In this book we will not follow my undergraduate experience and plunge straight into the deep end of chemistry. Instead we will deal only with those aspects of chemistry that are important in biochemistry, and we will deal with those topics as and when they become relevant. Most of these chemical topics will be presented in bite-sized units as a series of orange ‘Principles of Chemistry’ boxes that you will meet at the appropriate places as we progress through the book.
Box 1.2 Schrödinger and biology Although Erwin Schrödinger is most noted for his work on quantum theory, he was one of several physicists from the early part of the twentieth century who also took a keen interest in biology. One of these, Max Delbrück, changed disciplines mid-career, moving from theoretical physics to genetics and carrying out pioneering work with bacteriophages (viruses that infect bacteria) that led to the discovery that genes are made of DNA. Schrödinger remained a physicist, but in 1944 he wrote a short book called What is Life?, in which he speculated about inheritance and the structure of genes. Reading the book today, many of Schrödinger’s ideas appear far-fetched. He concludes that genes are crystalline structures, and in places he comes close to reviving the ‘vital principle’ of pre-twentieth century
biology, by suggesting that living organisms might utilize unknown laws of physics. Despite its errors, in one respect What is Life? was an important landmark in the development of twentieth century biochemistry. It had already been established that genes contain information that specifies the developmental plan of an organism and the biochemical reactions that it can carry out. Schrödinger argued that this information must be encoded within the structures of the organism’s genes. Again, his specific ideas about how this coding system worked were incorrect, but the notion that there must be some kind of genetic code that an organism uses to read the information in its genes was an important insight that set the agenda for research into genes over the next 20 years. In Section 16.1 we will explore how information is encoded in a gene and how this information is utilized.

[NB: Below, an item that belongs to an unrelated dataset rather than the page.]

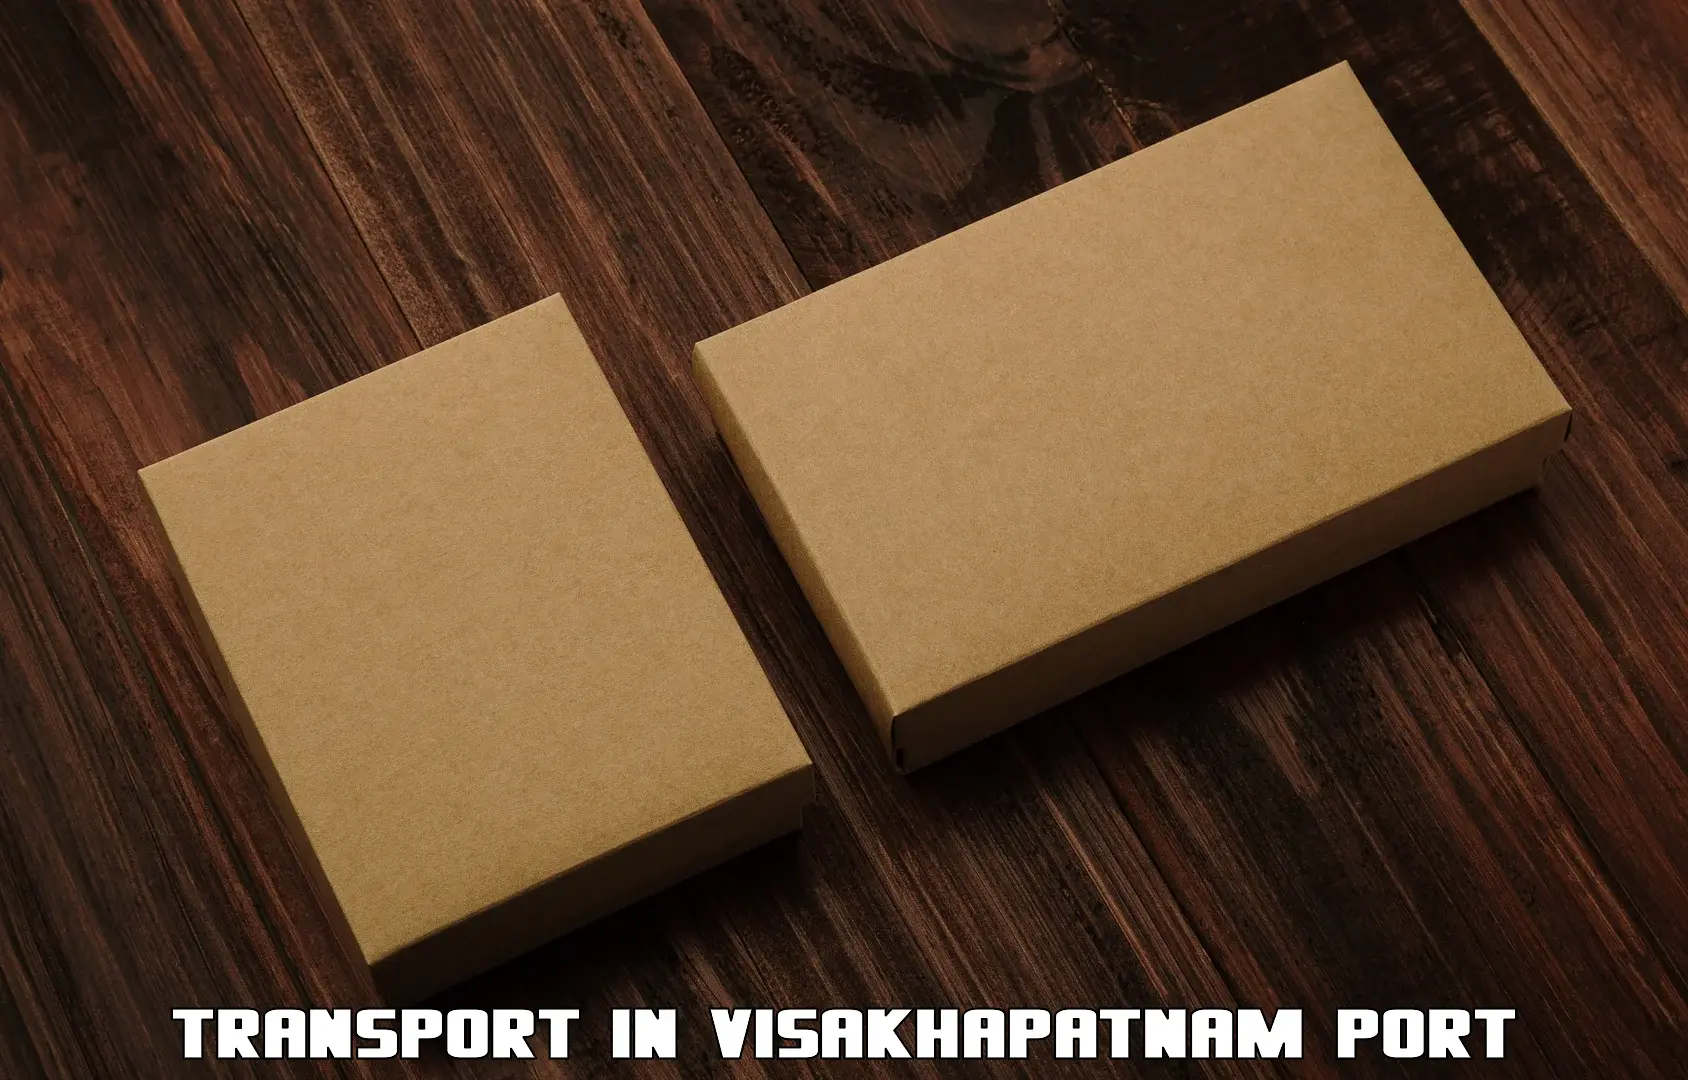 Nearby transport service in Visakhapatnam Port
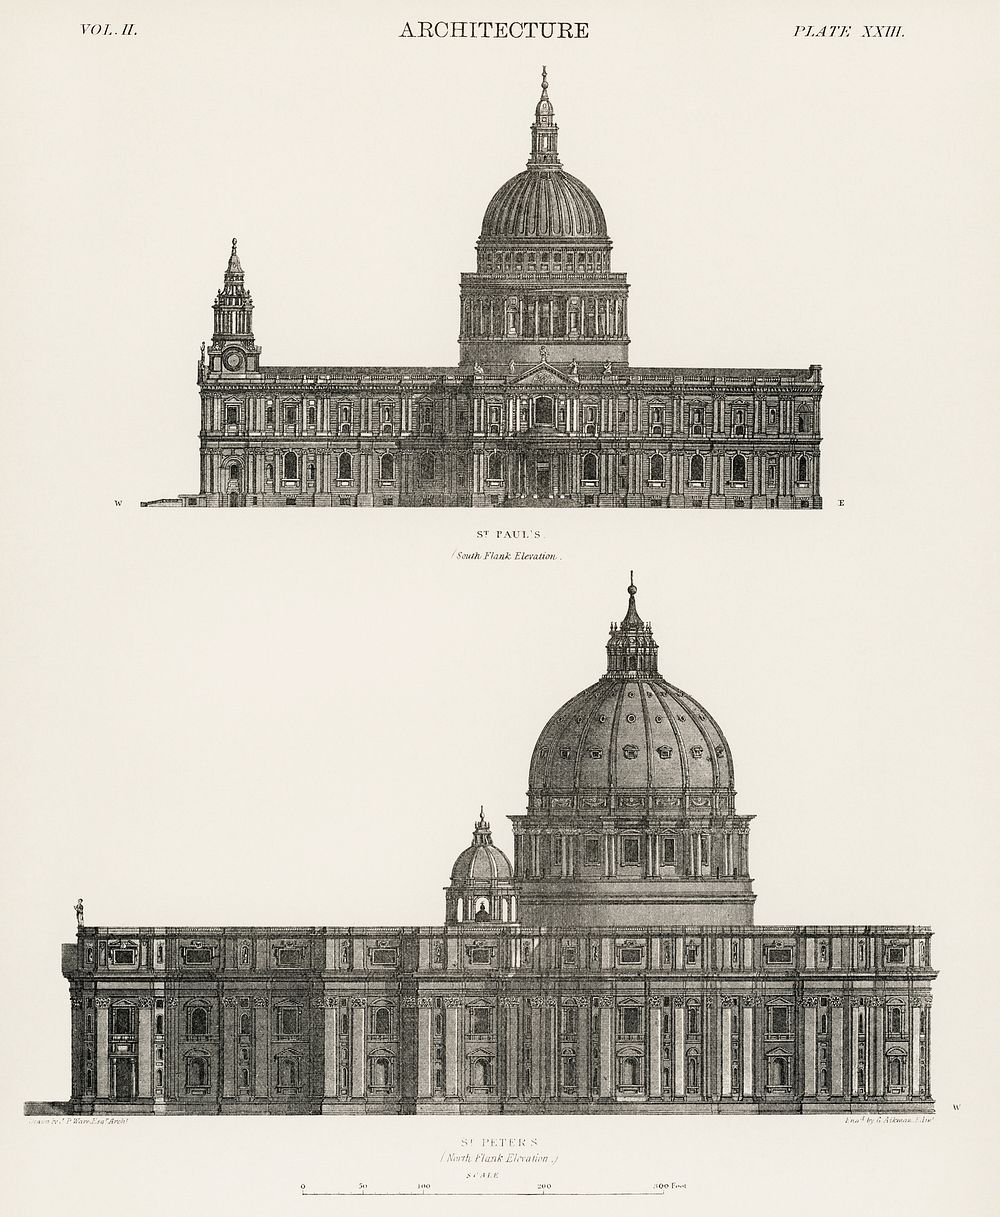 Architecture: St. Paul and St. Peters Cathedral from the book, Encyclopaedia Britannica 9th edition (1875), illustration of…

Biochemistry involves the study of very large biomolecules
When the first biochemists began to examine the complex mixtures of molecules in living cells, they quickly realized that some of these molecules are very large indeed. The size of a molecule is expressed as its molecular mass, measured in Daltons (Da), with 1 Da equal to one-twelfth the mass of a carbon atom. Most of the compounds known in nature, and most of the artificial ones synthesized by chemists, have molecular masses substantially less than 1000. Water, for example, has a molecular mass of 18.02 Da, ethanol is 46.07 Da, and phenol is 94.11 Da. Even a complex organic compound such as quinine, which is used to treat malaria, has a molecular mass of only 324 Da. In contrast, there are many molecules in living cells whose molecular masses are measured in thousands of Daltons, called kiloDaltons (kDa). Relatively small examples of these macromolecules include thrombin, which is involved in blood clotting and whose molecular mass is approximately 37 400 Da or 37.4 kDa, and alpha-amylase, which is secreted in saliva and begins the breakdown of dietary starch into sugar, which has a mass of 55.4 kDa. Starch itself is variable in size, ranging from 190 kDa to 227 000 kDa depending on which type of plant it comes from.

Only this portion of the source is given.